Though Maryland born and bred, Josh Scheinker affects a SoCal zen, complete with what seems like a surfer-dude tan and coif. But the senior vice president of Janney Montgomery Scott’s Baltimore-based Scheinker Investment Partners admits that fear and loathing toward the Fiscal Cliff had shattered his calm. “My wife and kids,” Scheinker says, “were all wondering why my New Year’s was so stressful, why I was watching C-SPAN and whether I needed to be in a white padded room.”
Scheinker, along with rest of Wall Street and global markets, celebrated Wednesday after Washington churned out a 13th-hour deal to stave off $600 billion in tax increases and spending cuts. All manner of risk assets, including stocks and commodities, surged to start 2013, after the House’s 257-167 vote on the hastily cobbled-together deal. The Dow Jones Industrial Average, Standard & Poor’s 500, and Nasdaq rallied an average of 2.65 percent. Europe and emerging markets rejoiced. Catastrophe avoided. At least mostly, for now.
Uncle Sam will permanently tax dividends and long-term capital gains at a 10, 15, or 20 percent rate, depending on a person or household’s overall income. Without this new certainty, the levy on dividends would have automatically jacked up to taxpayers’ ordinary income-tax rate. The bad news: taxpayers with modified adjusted gross incomes above $200,000 for individuals and $250,000 for married joint filers will have to pay an additional 3.8 percent Affordable Care Act tax on their net investment income.
It’s a tricky grab for lawmakers on both sides of the partisan divide: how much and where, specifically, do you tax investors, who have been privy to a multiyear bull market in equities and fixed-income — an unavoidably attractive target for badly needed government revenue? How do you tap that source without choking off the undeniable wealth effect of a rising market? Love them or hate them, the top 20 percent of American income earners own about 90 percent of shares, a relationship that correlates disproportionately with retail sales, the health of which courses through the broader economy.
“Today the stock market has increasingly become the disciplining force in spurring action in Washington,” wrote Merrill Lynch economist Ethan Harris on Monday. “’Stock market vigilantes’ have replaced ‘bond market vigilantes.’”
That’s a curious observation in light of how big a year markets had in the face of what was widely bandied as looming budgetary catastrophe.
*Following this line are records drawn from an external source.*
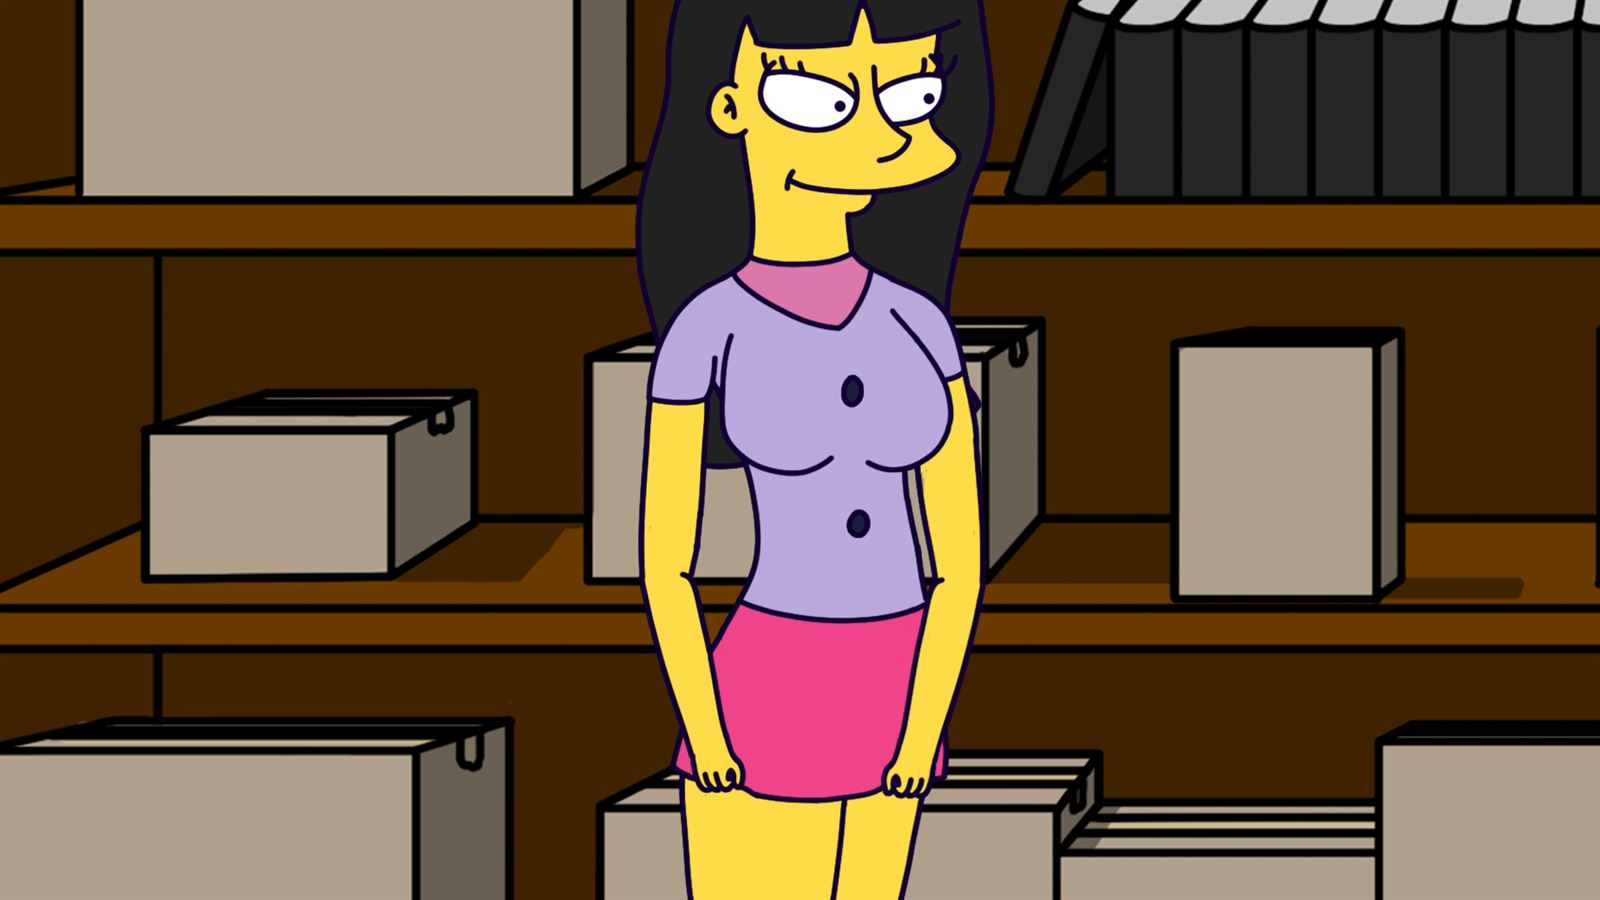 Xxxdownload Apps 18 Pals - Ren'py] The Simpsons Simpvill - v1.03 by Squizzy 18+ Adult xxx Porn Game  Download
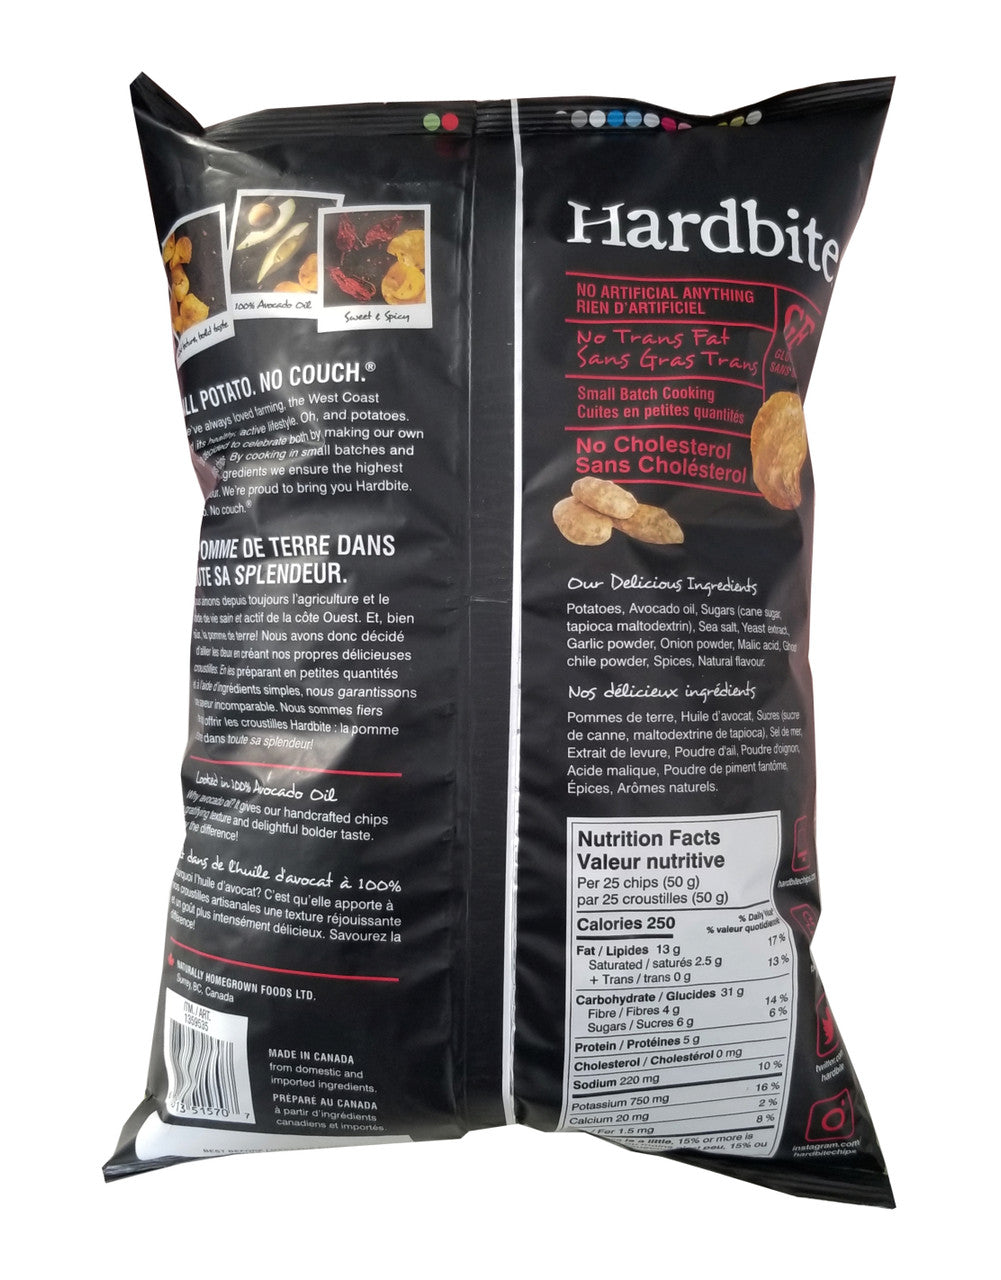 Hardbite Sweet Ghost Pepper baked in Avocado Oil Chips, 550g/1.2 lbs., Bag {Imported from Canada}
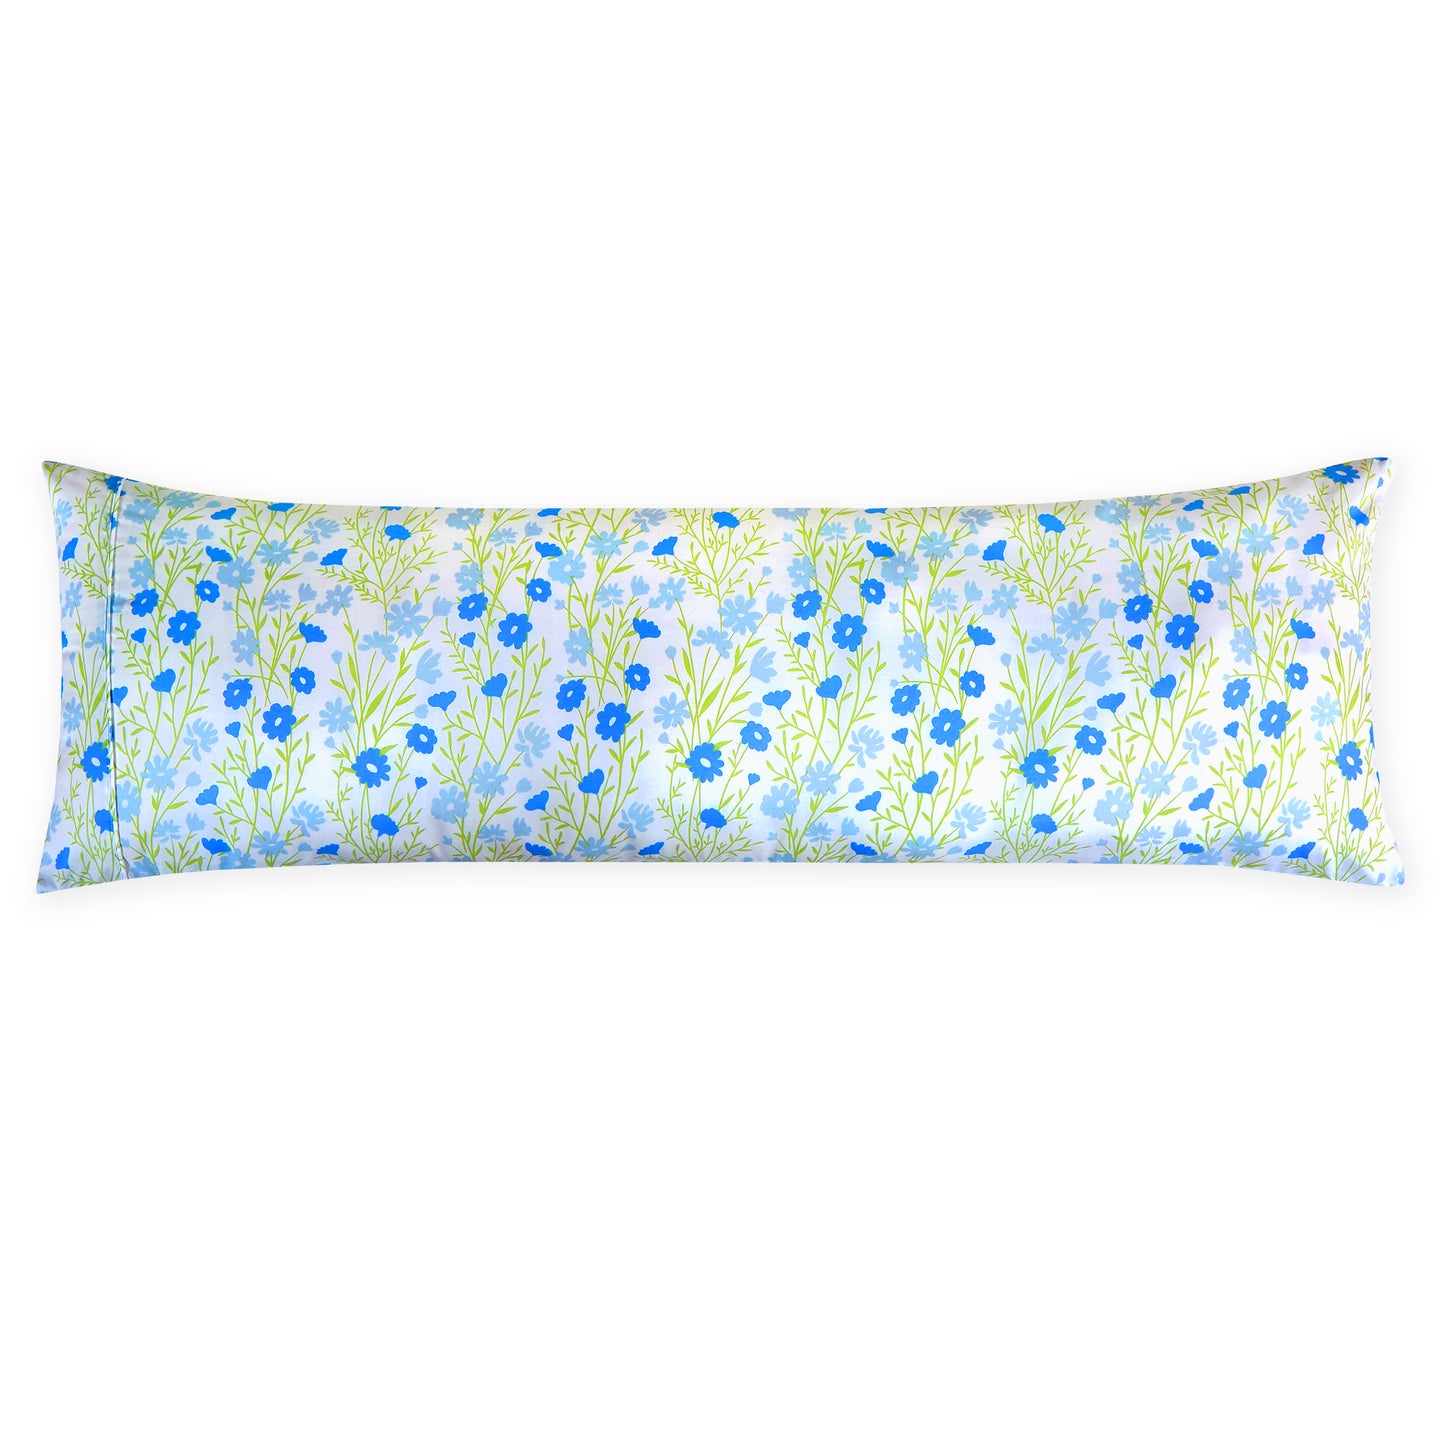 Elegant Comfort Floral and Stripe Pattern Pillowcases
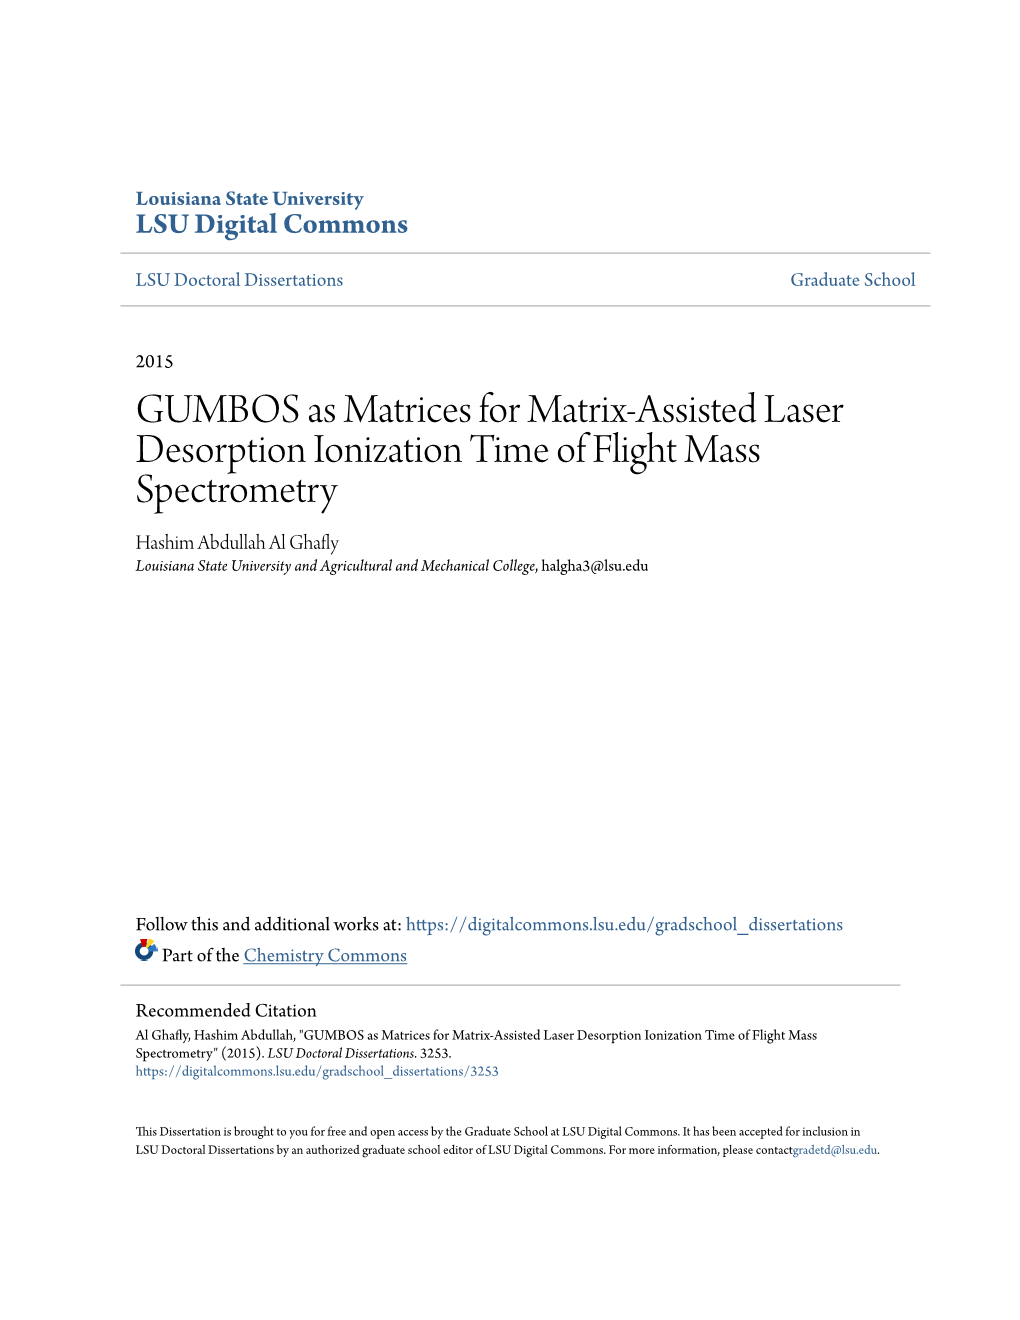 GUMBOS As Matrices for Matrix-Assisted Laser Desorption
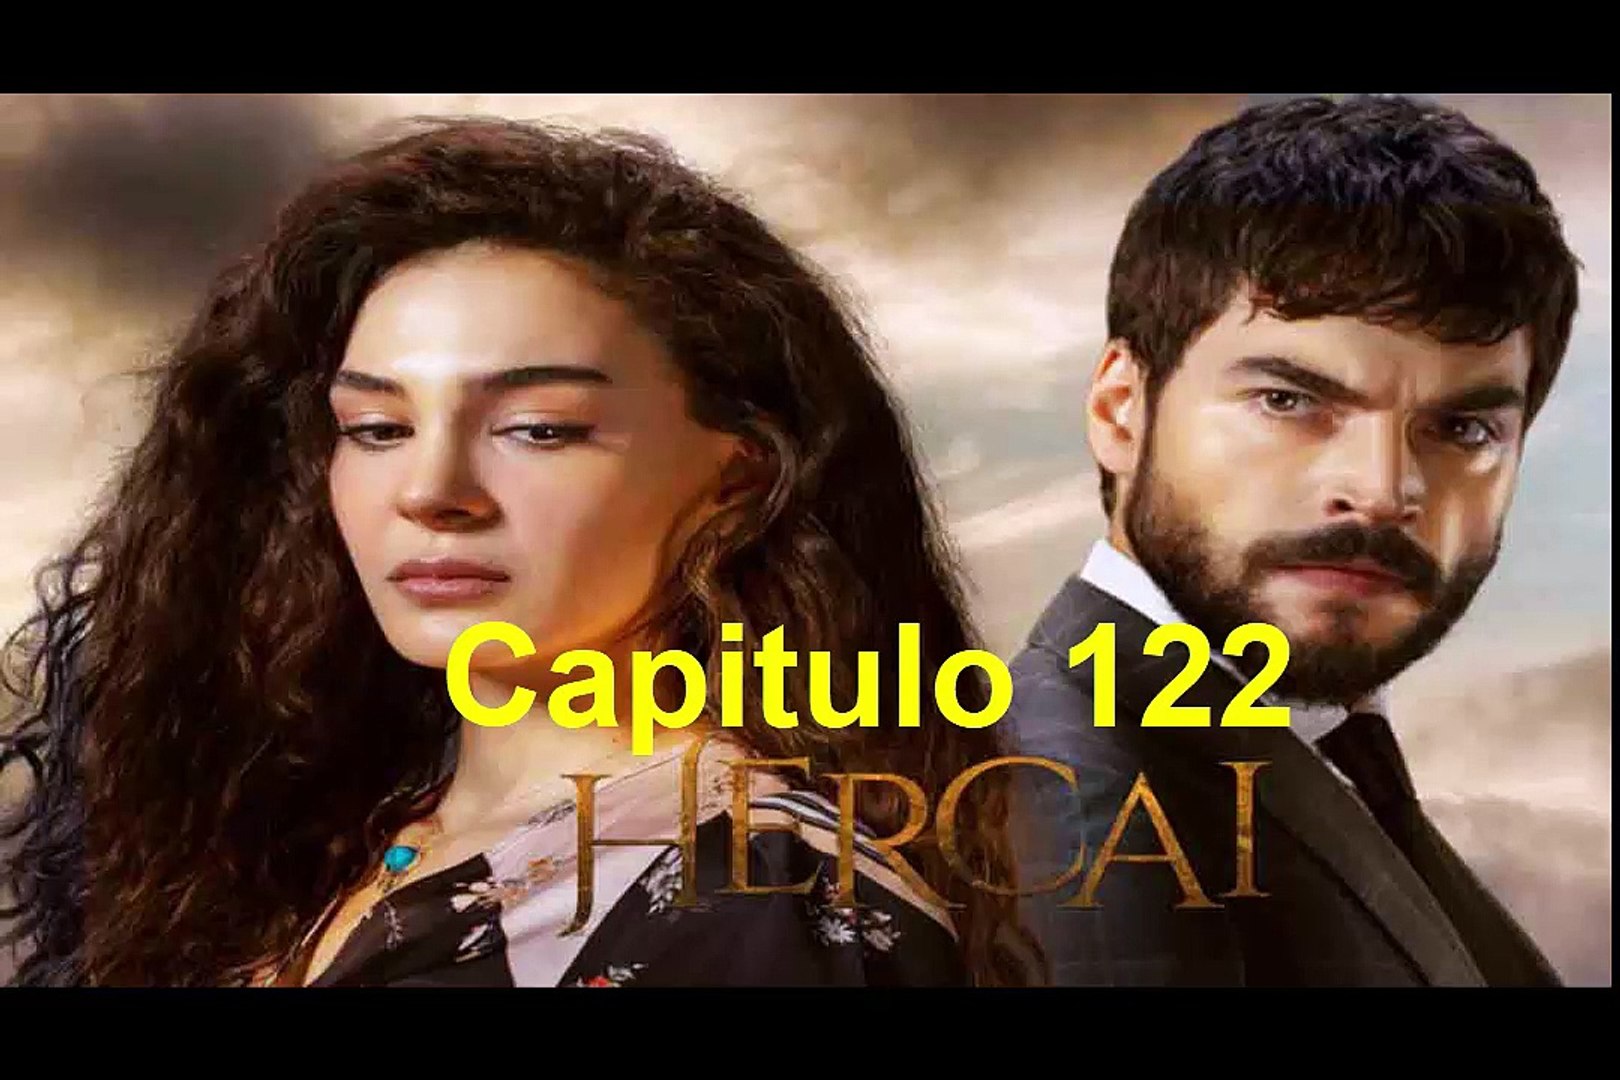 Hercai capitulo 122 Completo - Vídeo Dailymotion

How urgently will lawmakers finish the substantial unfinished business of raising the country’s $16.4 trillion debt limit or deal with sequestration’s huge budget cuts if the market goes into panic mode?
For his part, Blackstone’s Byron Wien said the Standard & Poor’s 500 Index will fall below 1,300 this year (from its current 1,456). He correctly called the S&P’s ascent last year above 1,400. Not once last year did the market have a single day when it was down for the year.
“The hard work,” says Janney Montgomery chief fixed-income strategist Guy LeBas, “is far from done. The cliff represented the confluence of opposing needs to reduce the long-term budget deficit and support short-term economic growth. Congress, in this instance, opted for the immediate benefits of the latter rather than the stability of the former. That decision delays what will inevitably be tougher decisions in the long run.”
“So, is this a relief rally, a dead-cat bounce, or just an ephemeral rise?” asks Scheinker, who says he plans to glue himself to C-SPAN again next month. “Do I feel comfortable here? No, not really. Does the market truly understand what deal was just signed off on? I am not too sure. I can tell you that my clients are very worried about the future of America.”